L’e-Pedal rend la conduite de cette Leaf agréable, tout comme sa servodirection précise et sa suspension, qui masque efficacement les défauts du revêtement. Mais on ne s’attend pas à ce que cette compacte « verte », qui se veut abordable de surcroît, soit plus performante qu’une Nissan Altima. Un moteur de 110 kW (plutôt que 80) produisant un couple phénoménal (236 lb-pi) permet à cette Leaf d’abattre les 100 km/h en 8 s, alors qu’une Altima 2018 à moteur 4-cylindres le fait en 8,7 s et l’ancienne Leaf en 10,5 s.

Pour le Canada, le constructeur a constitué une dotation de série relativement complète. Elle comprend des sièges chauffants avant et arrière, un volant chauffant, un chauffe-batterie, mais aussi le système e-Pedal, le câble de recharge de niveau 1 et 2 (120 v et 240 v), et un système de freinage d’urgence assisté. Il ne manque que les systèmes de connectivité CarPlay et Android Auto qu’on réserve aux versions SV et SL plus chères, tout comme une panoplie de dispositifs d’aide à la conduite. Un constat commun à plusieurs modèles rivaux.

Rappelons, enfin, que la nouvelle Leaf est éligible à l’incitatif à l’achat de 8 000 $ du gouvernement du Québec, de même qu’au nouvel incitatif de 2 000 $ proposé par la Ville de Laval à ses résidents. Tout compté, cela fait de la Leaf S, la version d’entrée de gamme, une voiture plus abordable qu’une Altima S, mais surtout nettement plus écoperformante!

 

FICHE TECHNIQUE

• Prix de base — 35 998 $ (S); 39 598 $ (SV); 41 998 $ (SL).
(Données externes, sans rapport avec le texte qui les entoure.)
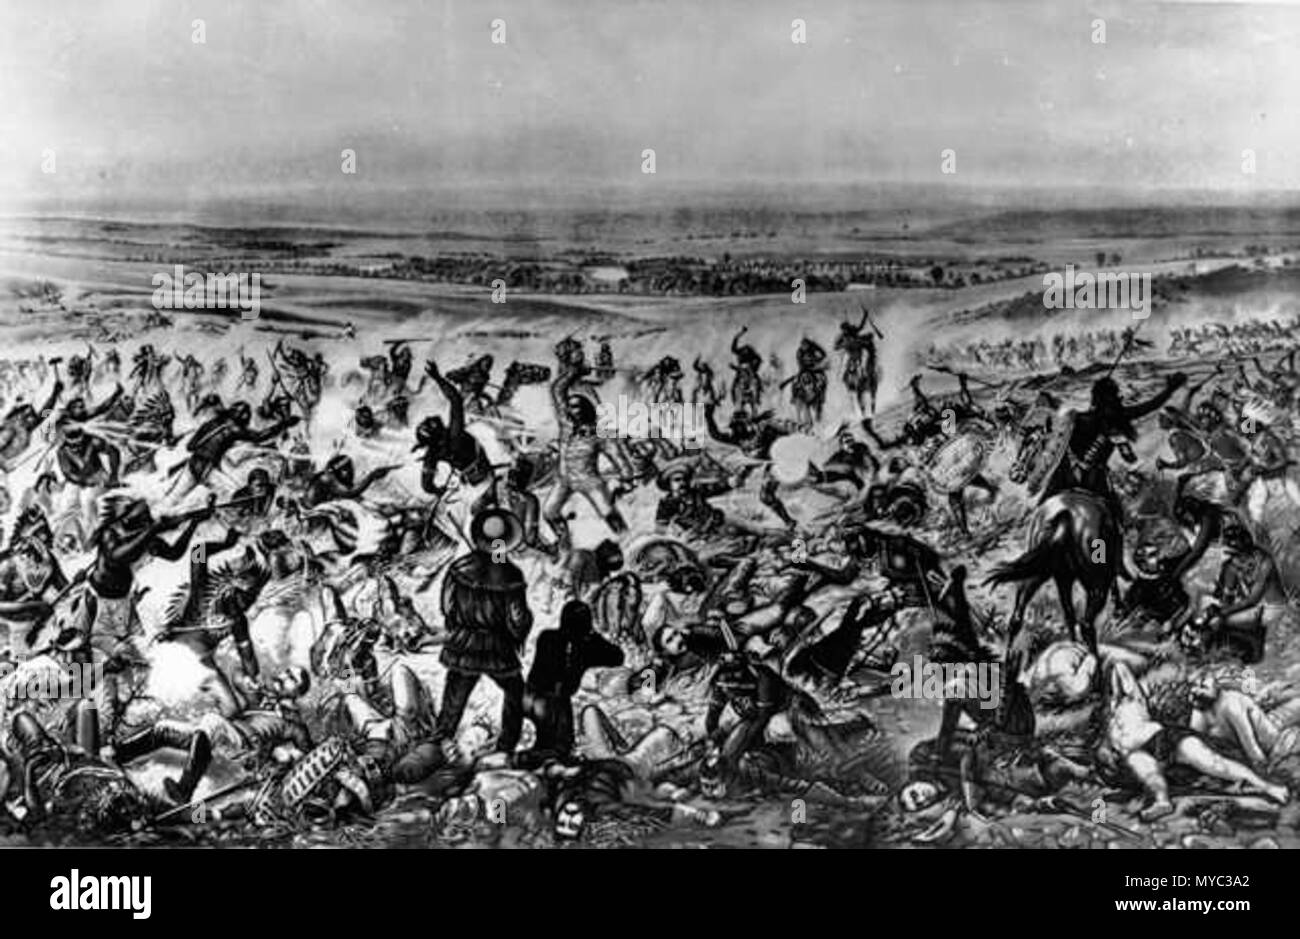 . Title: Custer's last stand Caption: Native American Lakota Sioux, Crow, Northern, and Cheyenne, defeat General Custer standing center, wearing buckskin, with few of his soldiers of the Seventh Cavalry still standing, Little Bighorn Battlefield, June 26, 1876 Little Bighorn River, Montana. Template:Denver Public Library public domain images . User Lordkinbote on en.wikipedia 128 Custer's last stand painting Stock Photo

• Transport et préparation — 1 990 $

• Groupe motopropulseur — Moteur électrique synchrone à courant alternatif de 110 kW (147 ch), 236 lb-pi. Batterie au lithium-ion de 40 kWh. Chargeur embarqué de 6,6 kW. Roues avant motrices.

• Particularités — Suspension indépendante aux roues avant; poutre de torsion avec barre stabilisatrice à l’arrière. Freins à disque aux quatre roues. Système ePedal. Antiblocage de série. Pneus : P205/55R16 (S); P215/50R17 (SV et SL).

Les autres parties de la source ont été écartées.